Gary Dunn moved from Adelaide to Darlinghurst andstarted working as a writer for the Sydney Star Observer in the mid 1980s.

Leigh Boucher and Gary Dunn pictured at the launch of the podcast.

(L-R): Leigh Boucher and Gary Dunn pictured at the launch event for History Lab: Darlinghurst's AIDS Crisis in February 2026. Photo: Supplied.

"The one thing that editors had to do was make sure everything they published about HIV was double checked and accurate. Because the Sydney Morning Herald wasn't doing that, the Daily Telegraph wasn't, and the Australian certainly wasn't. There was a real responsibility to get it right because people made decisions about what was okay [regarding safe sex and transmission] based on us."

Bruce Carter grew up in working-class Balmain, Sydney. He started hanging out in 'Darlo' aged 15 and later became a nurse.

Late 1980s: "On a Friday night, I was off duty. We'd say, 'It's been really heavy. I'd seen this many people die. I saw this young queen slashed up in front of me…' but it's been a s*** of a week, let's have a party."

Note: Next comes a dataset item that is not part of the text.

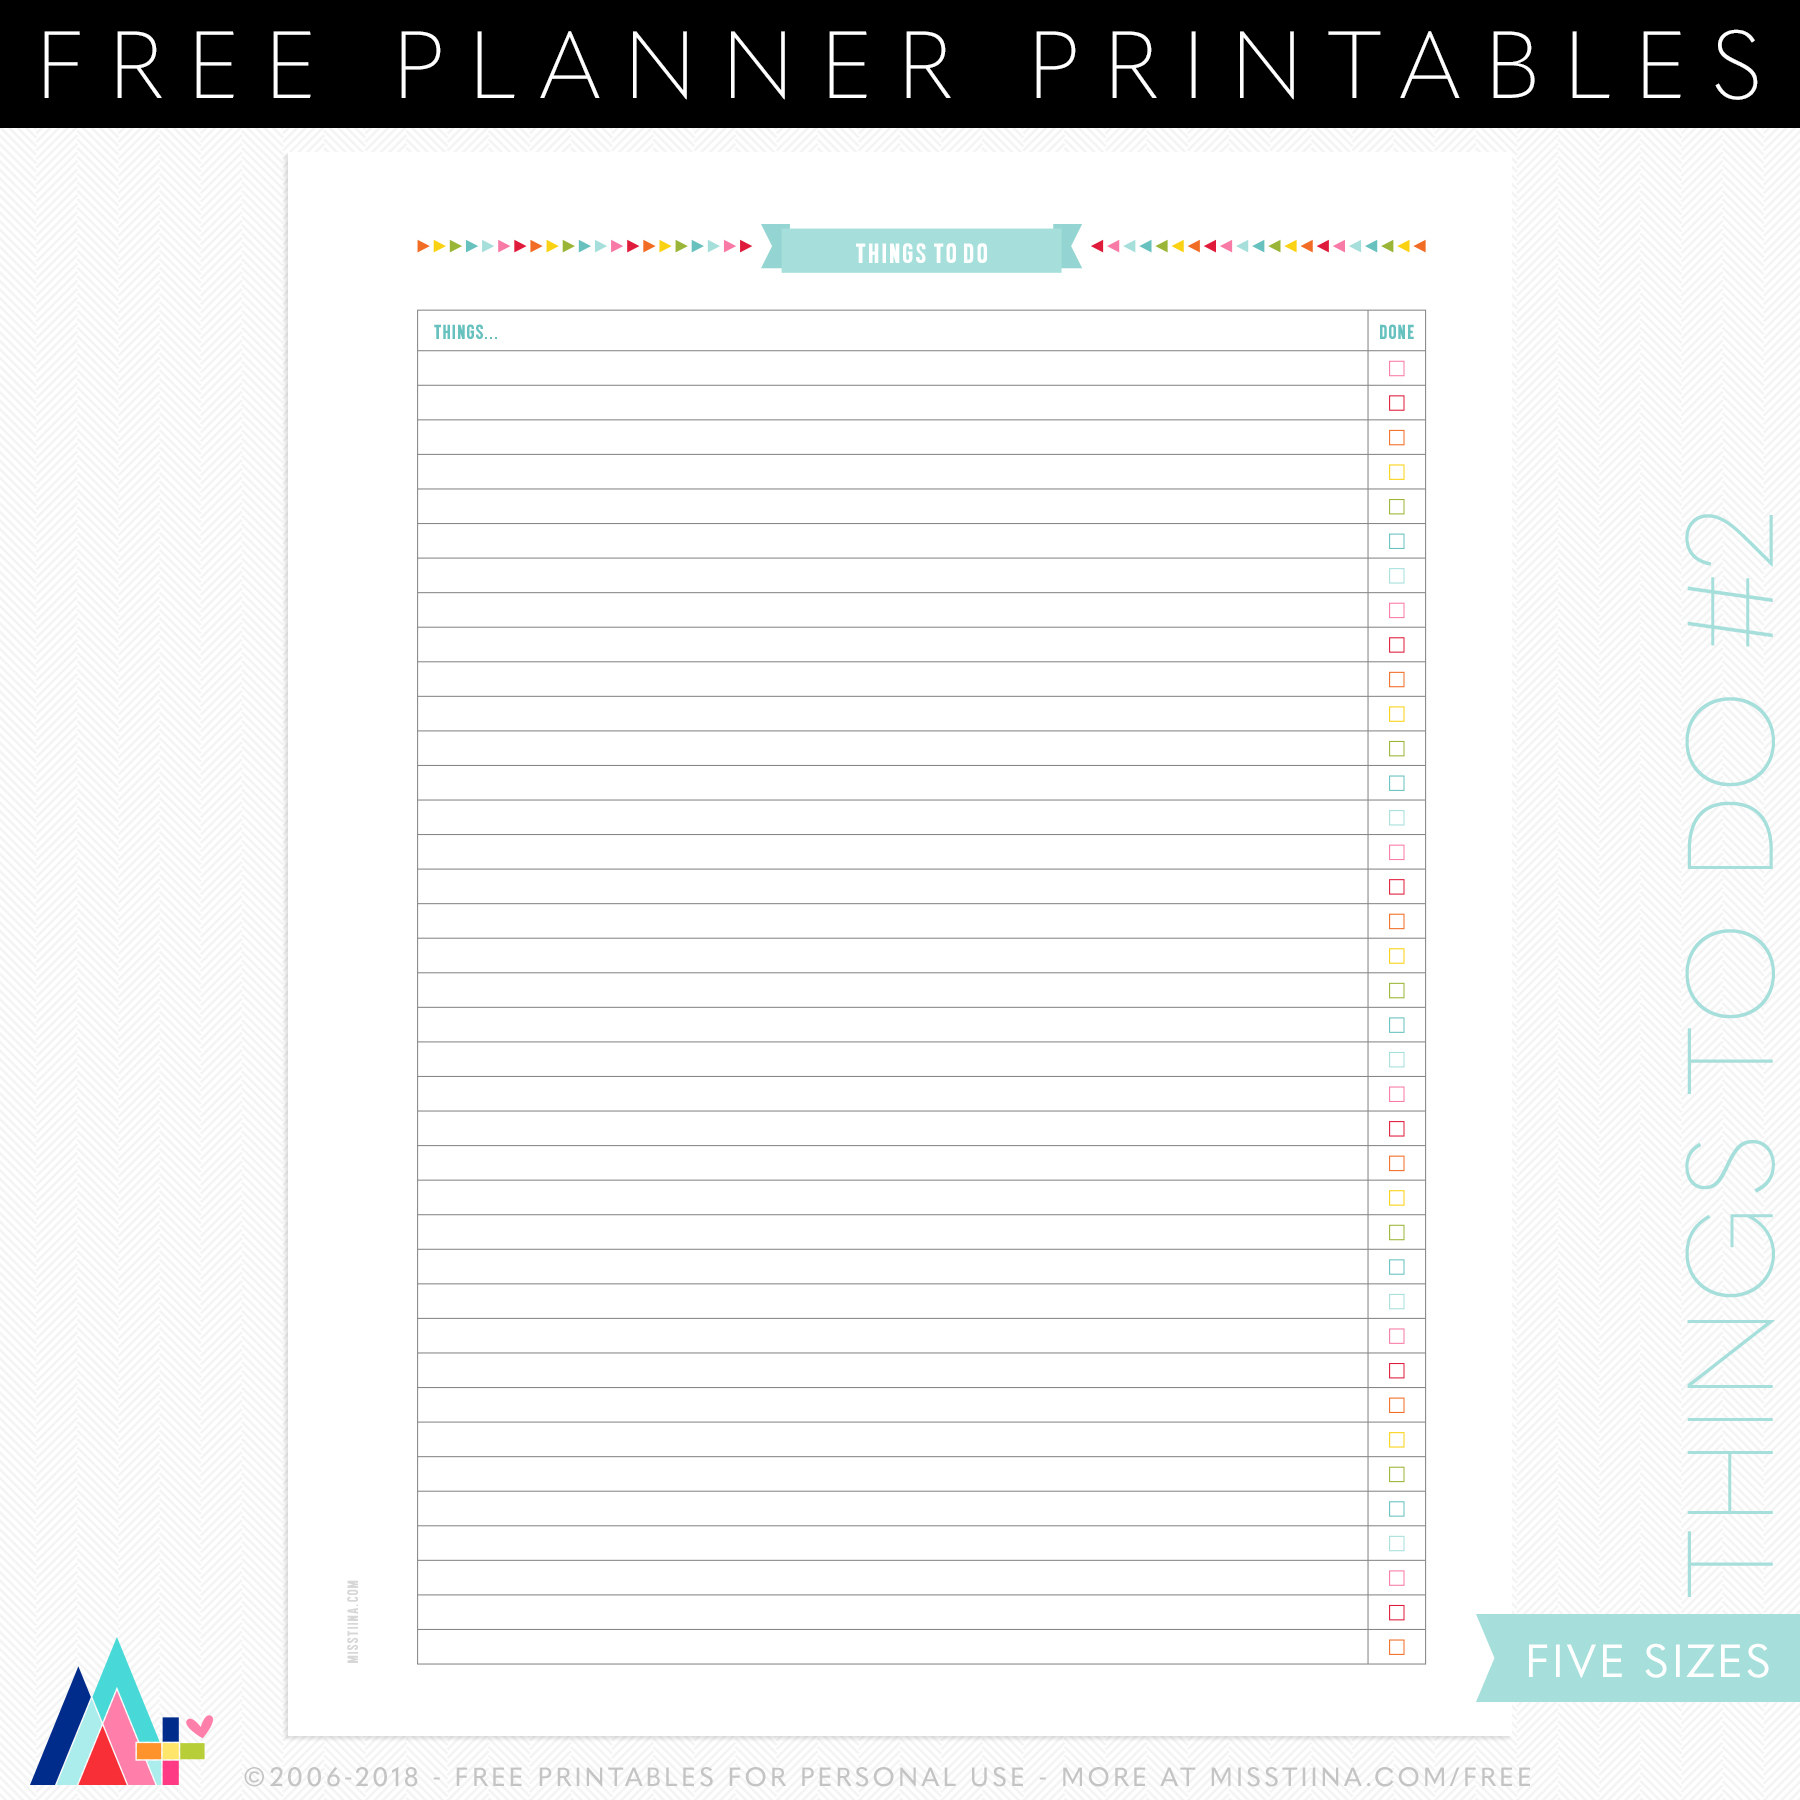 Planner Printables | Misstiina - Free 2018 Planner Printable

Ian Innes, moved to Darlinghurst with his HIV positive partner in the early 1990s.

"Some friends of mine, who are like gay uncles, still have a place in Fitzroy Street in Surry Hills — just around the corner from Albion Street and part of Bourke Street. I remember in '92, we walked up part of Bourke Street and they knew somebody in every single house that had died. Or both partners had died. The people that were left just couldn't cope with that.

"Some people got sick and died quickly, but others went through multiple illnesses and were sick for 2-3 years. There was a long-term impact on the surviving partner, who would then be left to deal with the mess. I think a lot of them packed up and moved."